Violators can be fined up to $1,000 for each offense and banned from the markets for up to 18 months.
This year, 20 vendors were fined in Los Angeles County, while San Diego County sanctioned five, the Los Angeles Times reported.
Inspectors are trained to recognize tipoffs such as fruit with a commercial appearance — waxed or of uniform size — or that is out of season in a particular growing area. They also look out for sales volume that exceeds a grower’s capacity, although some farmers have tried to fool inspectors by planting dummy crops.
JC, the owner of Savuer, which sells homemade meals, said he has gone to farmers markets for years and has been seeing these law breakers more recently.
“Go to the fruit and vegetable market in downtown and you seeing people buying them, and they resell as organic and everything,” he said.
Fighting market fraud is a costly proposition, though. Los Angeles County, which has 153 farmers markets, spent $243,000 during the fiscal year that ended June 30, about three times what the county made on market fees.

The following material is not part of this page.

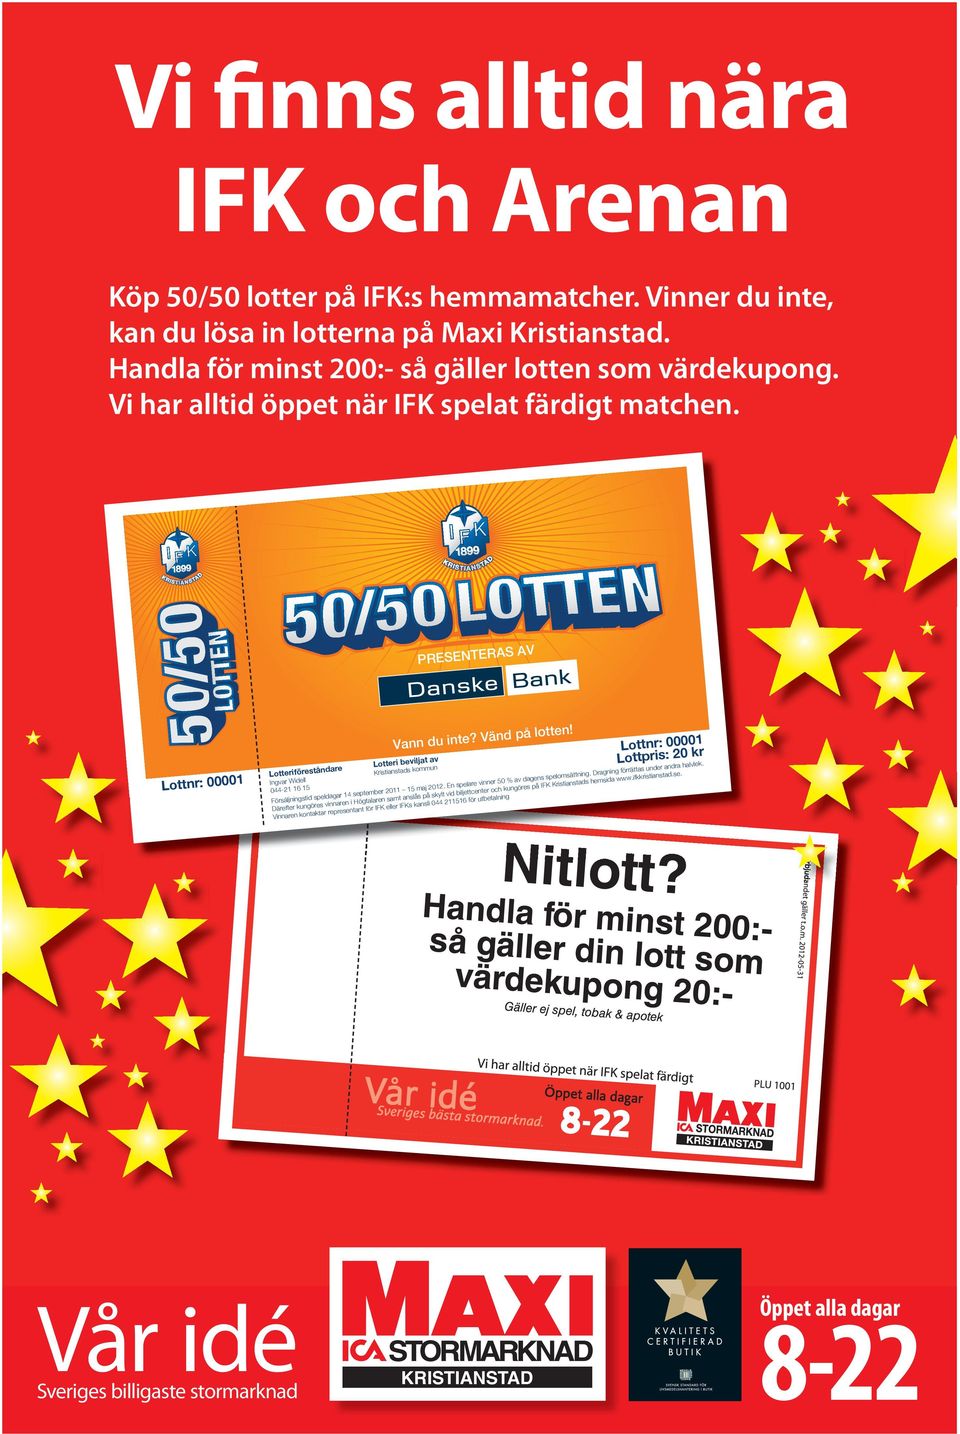 Lotteri beviljat av Kristianstads kommun Lottnr: 00001 Ingvar Widell 044-21 16 15 Försäljningstid speldagar 14 september 2011 15 maj 2012. En spelare vinner 50 % av dagens spelomsättning.

But violators also are hit in the pocketbook.
Victor Gonzalez of Atkins Nursery in Fallbrook was among the farmers sanctioned in San Diego County. He acknowledged that on three occasions, his vendors sold produce his farm didn’t produce. He was banned from farmers markets for six months and the penalty was upheld Tuesday by the California Department of Food and Agriculture.
Gonzalez told the Times on Thursday that some of his workers mistakenly placed fruit from another farm on his vending tables.
“I fired those people, and I’ll pay the fine, but please let me work, or I’m dead,” he said.
Stopping cheaters is crucial, said Laura Avery, supervisor of the Santa Monica market. “For farmers markets to continue to prosper, it is crucial that consumers have confidence that vendors really grow what they sell.”